Data:
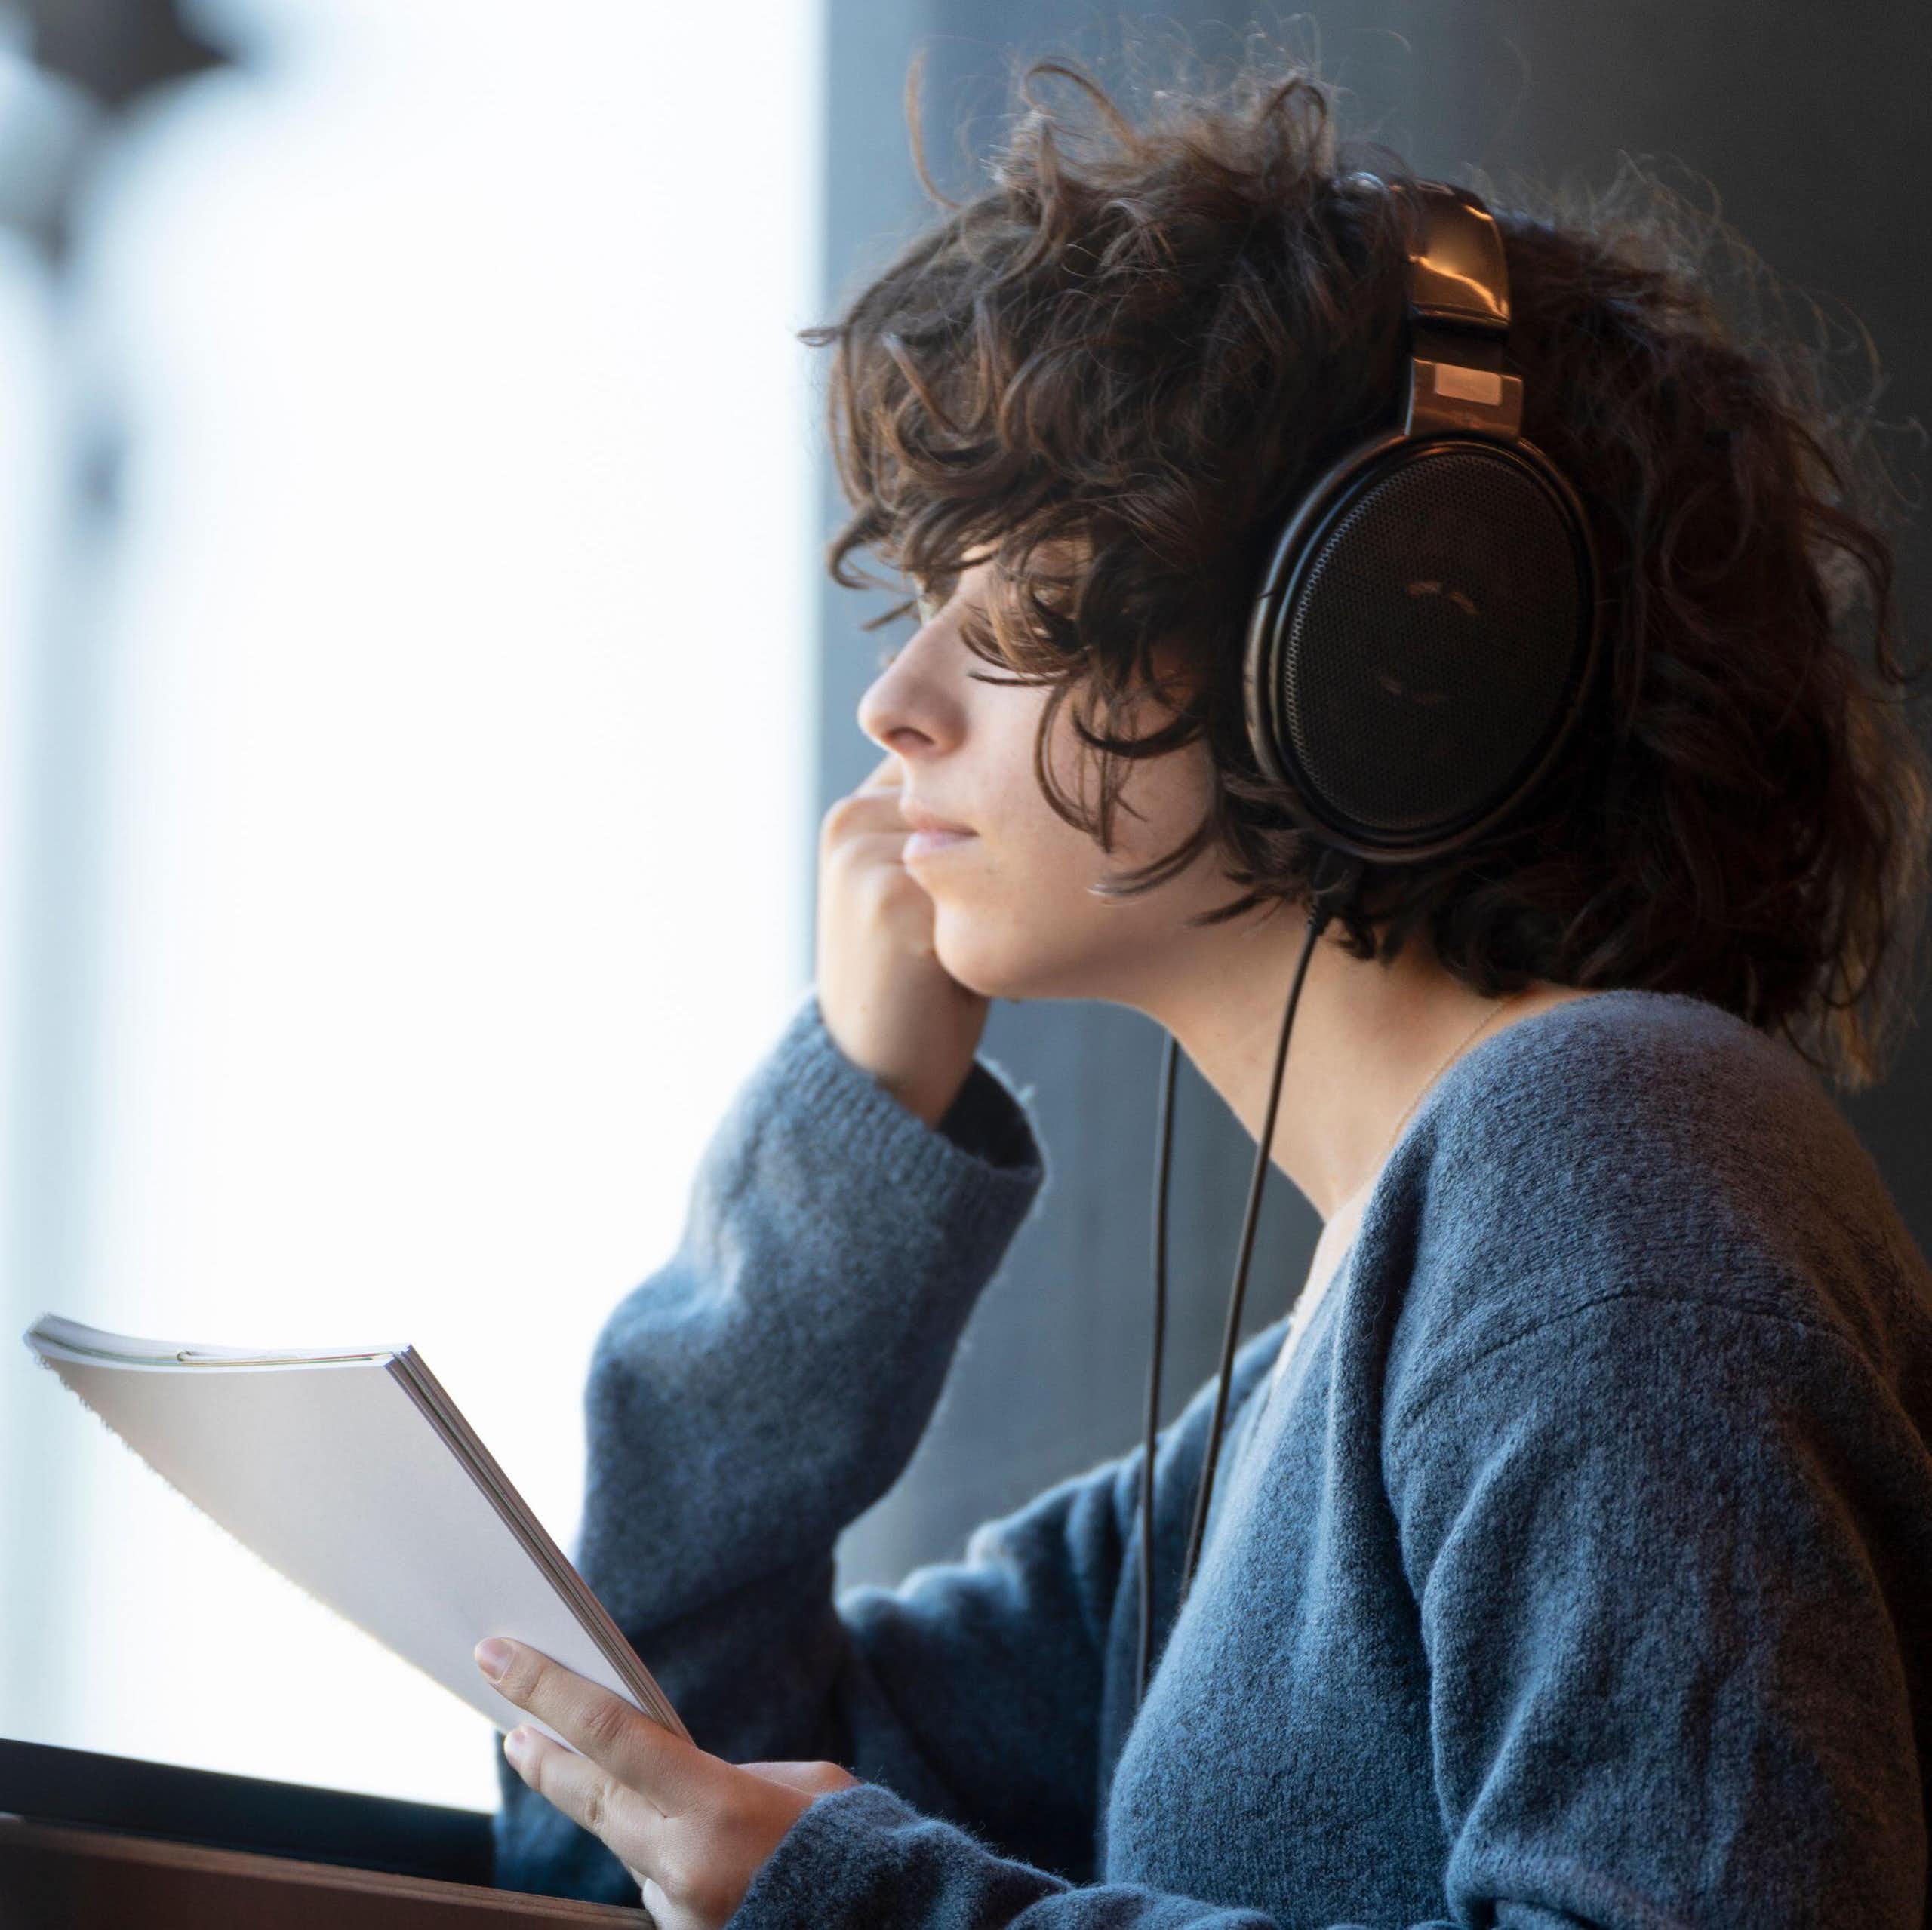 A woman listening to headphones with a neutral expression
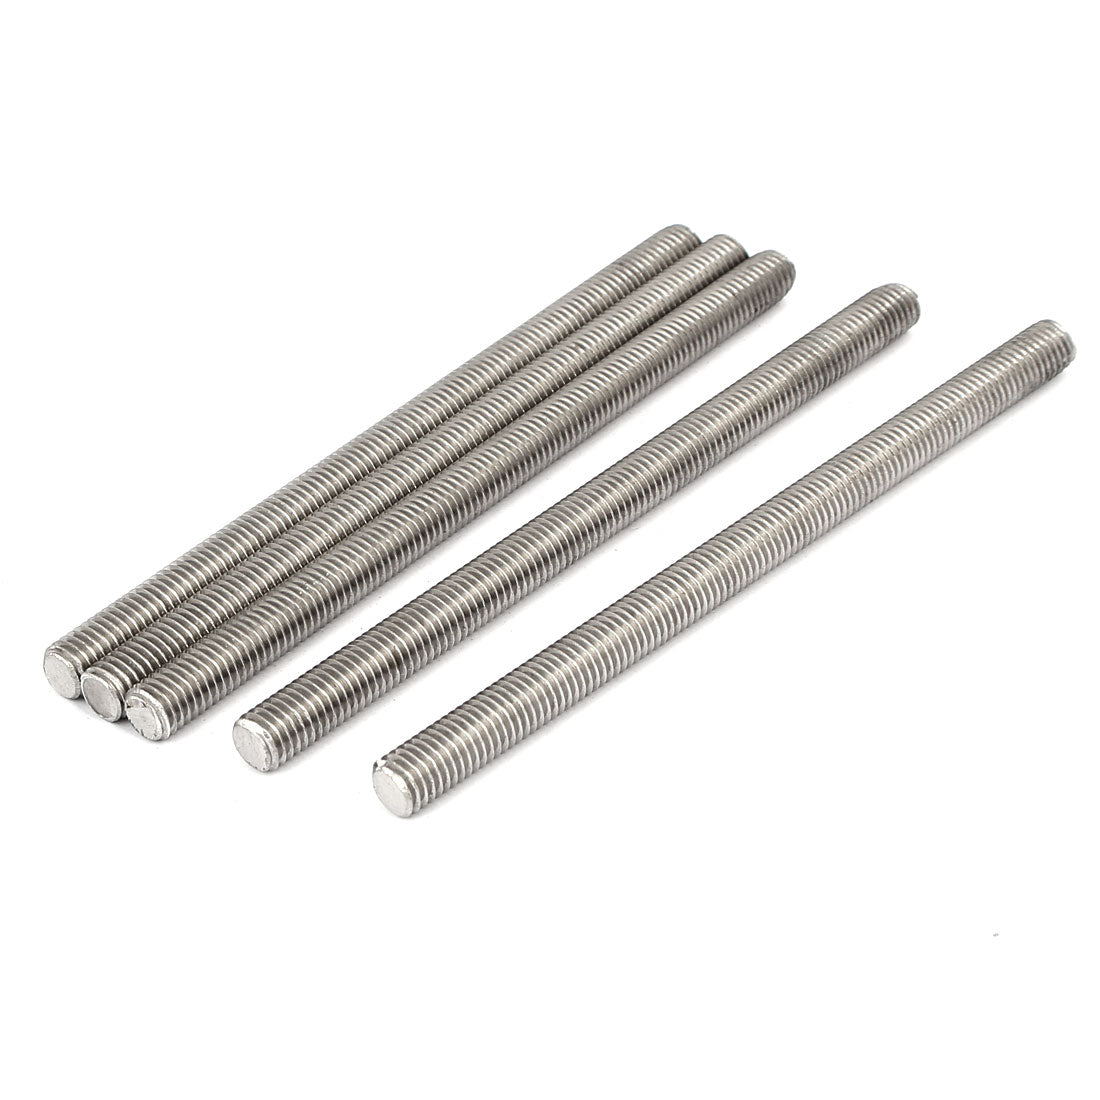 uxcell Uxcell M8 x 130mm 304 Stainless Steel Fully Threaded Rods Fasteners Silver Tone 5 Pcs
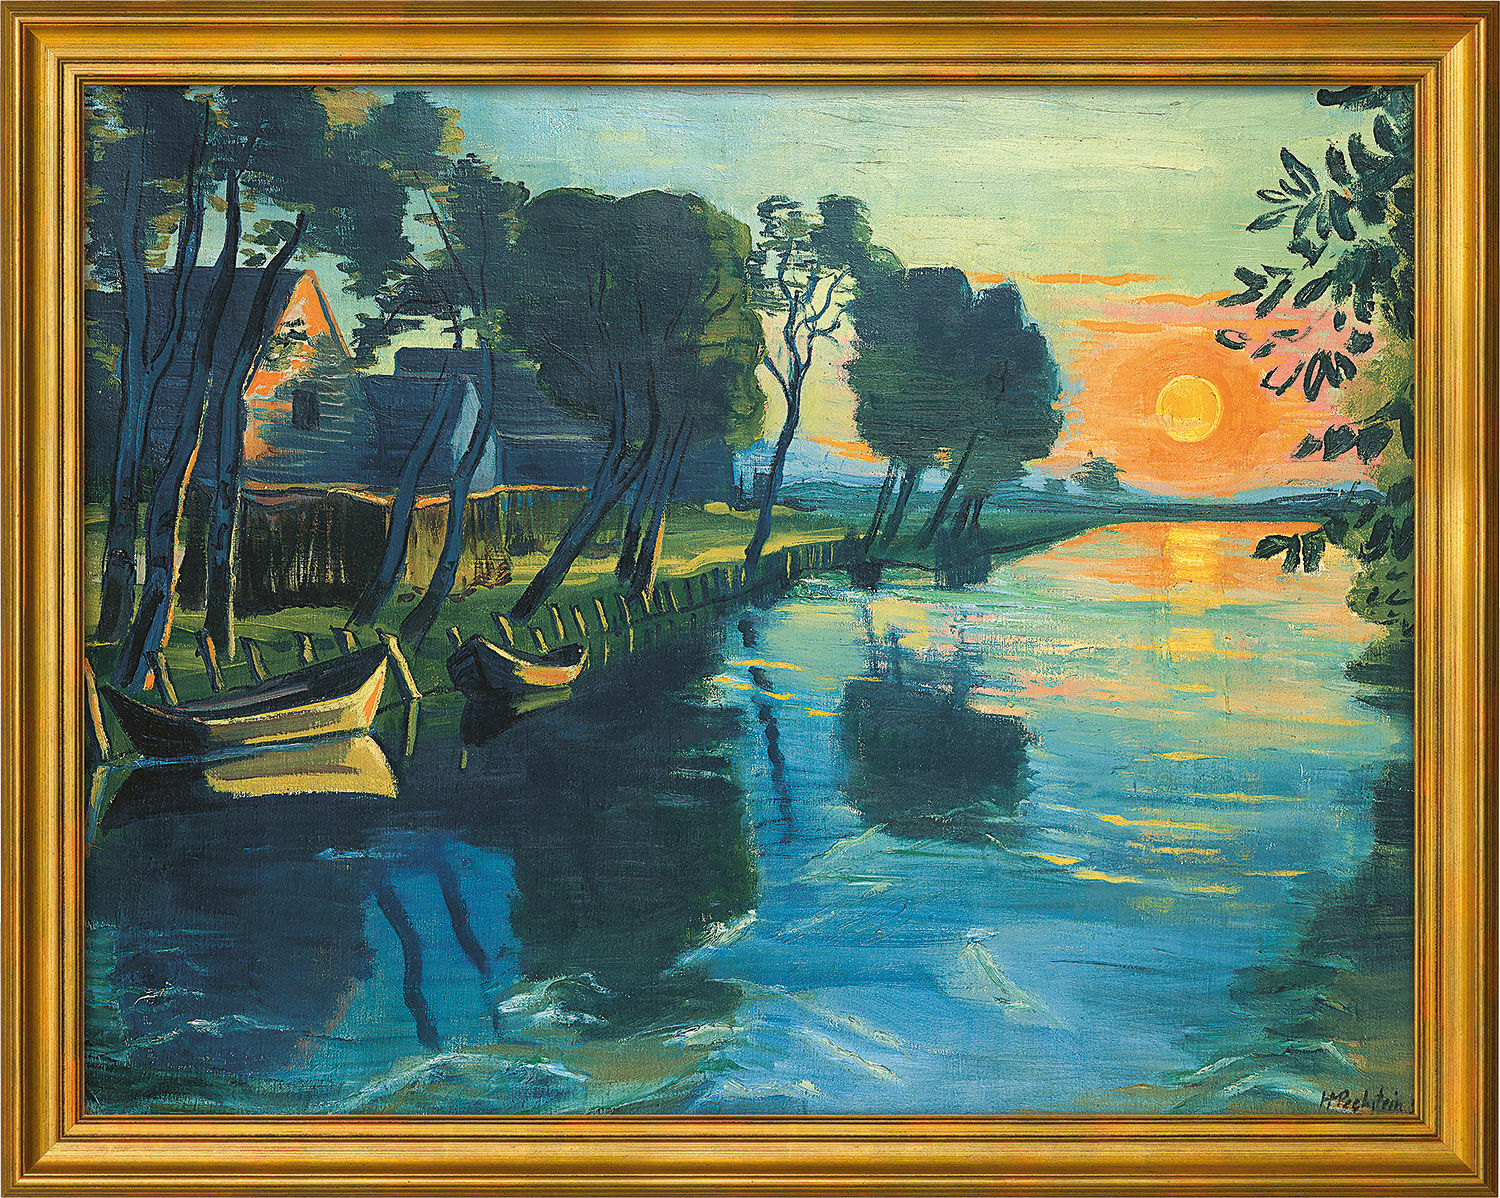 Picture "The First Rays of Sunshine on the Millrace" (c. 1934), golden framed version by Max Pechstein
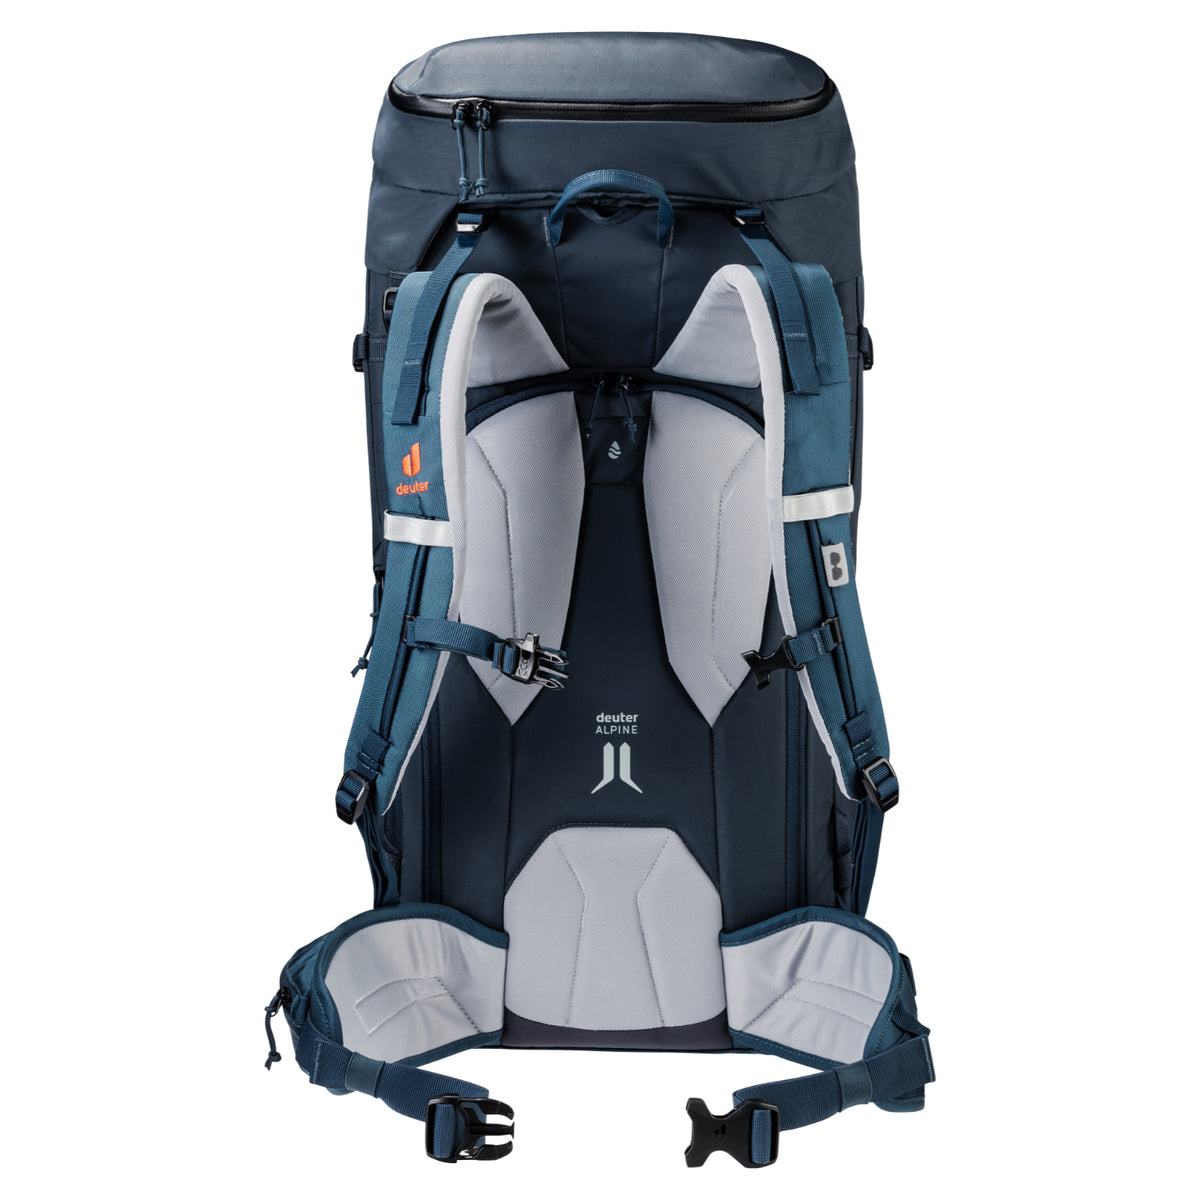 Deuter Freescape Pro 40+ rucksack in ink blue, from the back.

Try it: Each line above is to be duplicated exactly, and the pictures are to be omitted.

Solved exercise:
 A woman listening to headphones with a neutral expression
 uxcell Uxcell M8 x 130mm 304 Stainless Steel Fully Threaded Rods Fasteners Silver Tone 5 Pcs
 Picture "The First Rays of Sunshine on the Millrace" (c. 1934), golden framed version by Max Pechstein
 Deuter Freescape Pro 40+ rucksack in ink blue, from the back.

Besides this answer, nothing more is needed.